South African software developer and bioinformatician

Imogen Wright is a South African software developer and bioinformatician. She is co-founder and CTO of Hyrax Biosciences, a software development company specialising in DNA analysis programs.

== Education ==
She earned a Bachelor of Science in computer science and Physics at Rhodes University. They then earned a Master of Science in theoretical physics at the Perimeter Institute in Canada. In 2015 the also earned a PhD in bioinformatics from the University of Western Cape.

== Career ==
In the past Wright has worked for Skimlinks. They were senior software developer and team leader at the big data startup in London. Wright also worked for the Amazon EC2 compute team as a software development engineer. They were a UWC-SANBI (University of the Western Cape’s South African Bioinformatics Institute) post-doctoral research fellow.

== Awards ==
Wright was the 2016 runner-up for the Innovation Prize for Africa. She won the prize of $25,000 for Exatype, a piece of software developed by Hyrax Biosciences. Exatype is genotyping and drug-resistance testing software, initially used for HIV-positive patients. They were also invited to, but did not attend, the five-week TechWoman program in 2016. From 2300 applicants they were one of 90 chosen.
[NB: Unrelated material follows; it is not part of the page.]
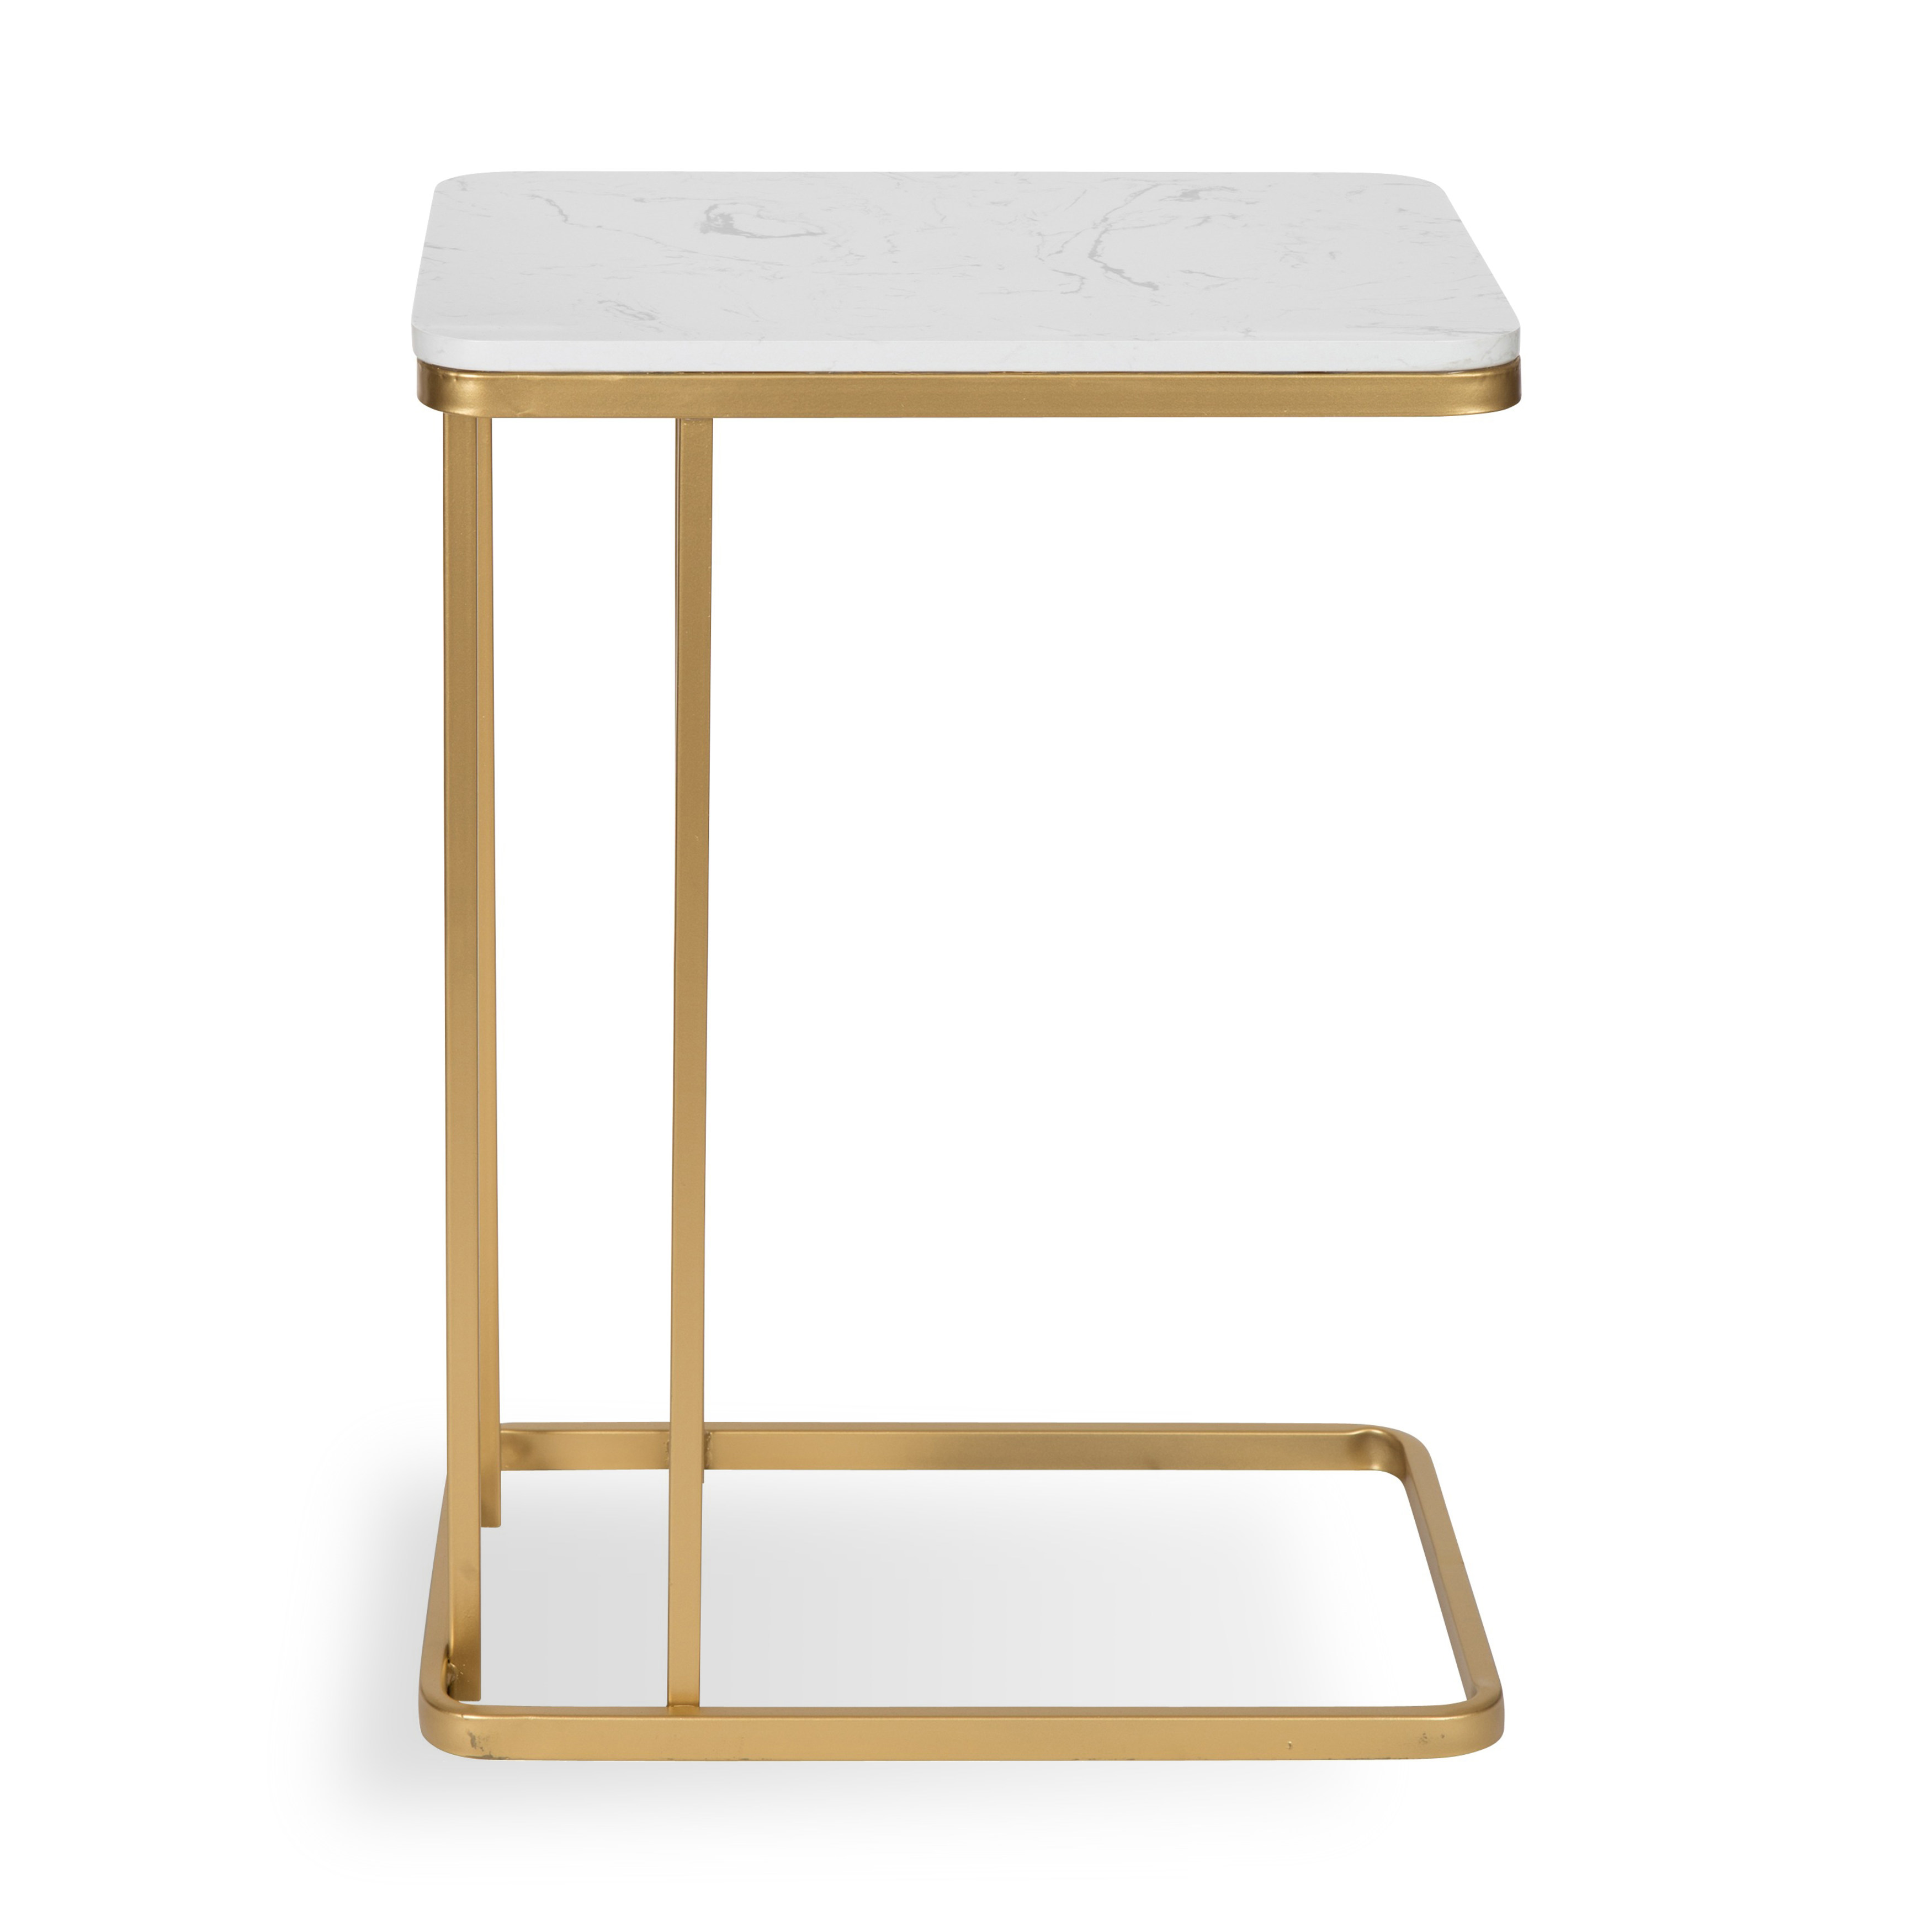 Kate and Laurel Credele Marble Sofa Side C-Table with Gold Metal Base - image 3 of 6

The program was started by former Secretary of State Hillary Clinton in 2011.

== Publications ==
- The Conversation: How South Africa can stop HIV drug resistance in its tracks (May 22, 2015)
- Nucleic Acids Research: RAMICS: trainable, high-speed and biologically relevant alignment of high-throughput sequencing reads to coding DNA (May 26, 2014)
- The Journal of Immunology: Ability To Develop Broadly Neutralizing HIV-1 Antibodies Is Not Restricted by the Germline Ig Gene Repertoire (April 17, 2015)
- Google Scholar, patents: Testing the operation of an application programming interface (October 14, 2014)
- Journal of Virology: Intact HIV Proviruses Persist in Children Seven to Nine Years after Initiation of Antiretroviral Therapy in the First Year of Life (31 January 2020)
- Retrovirology: HIVIntact: a python-based tool for HIV-1 genome intactness inference (27 June 2021)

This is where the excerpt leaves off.